CS 535 Introduction to Data Mining    Fall 2015


This data mining course introduces the concepts, algorithms, techniques, and applications of data mining. Topics include background of data mining, data preprocessing, classification, clustering, association-rules mining. This course is designed for CS graduate students.

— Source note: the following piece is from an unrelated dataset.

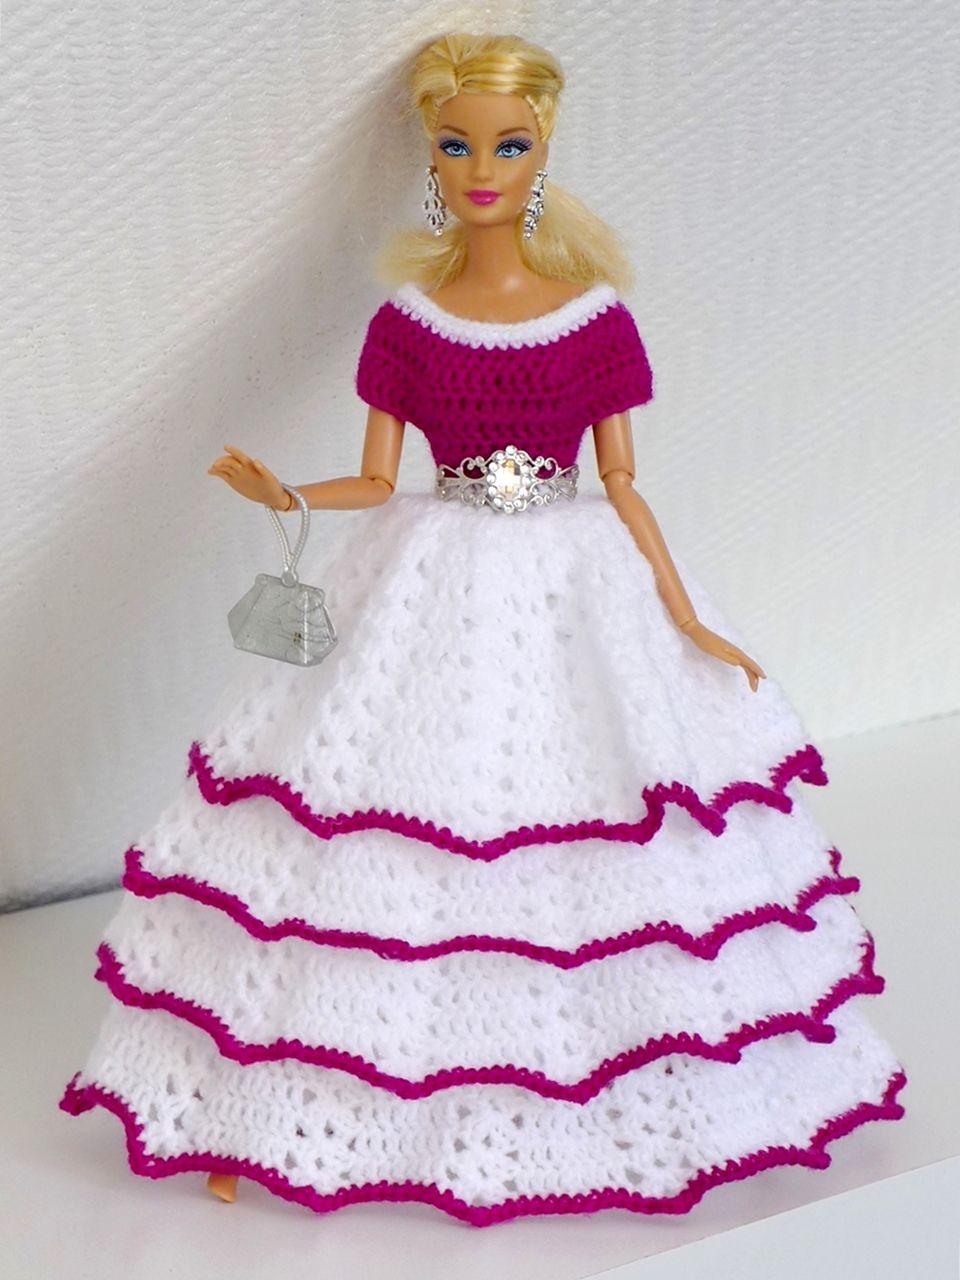 Häkelanleitung Traumhaftes Prinzessinnenkleid für kleine

Class Schedule: T R 2:50 PM - 4:15 PM

Classroom:  LH 012

Instructor: Dr. Lei Yu  

TA: Elliot Way

Telephone:  (607) 777-6250


Email: lyu AT cs DOT binghamton DOT edu  

Email:  ellioteway AT  gmail DOT   com

Office Location: Q5, Engineering Building

Office Location: N21

Office Hours: T R 1:30PM - 2:30PM or by appointment

Office Hours: M W Noon-1PM or by appointment


  • CS 333 Algorithms
  • MATH 327 Probability with Statistical Methods


  • Background of knowledge discovery and data mining
  • Data preprocessing  (e.g., data cleaning, transformation, dimensionality reduction, instance selection)
  • Classification (e.g., decision trees, Bayesian classifiers, instance-based classifiers, rule-based classifiers, artificial neural networks, support vector machines, ensembles)
  • Clustering (e.g., K-means, hierarchical clustering, density-based clustering)
  • Mining association rules (e.g., Apriori, FP-growth)

Textbook: (Recommended)

  • Introduction to Data Mining, Pang-Ning Tan, Michael Steinbach, and Vipin Kumar, Addison-Wesley, April 2005.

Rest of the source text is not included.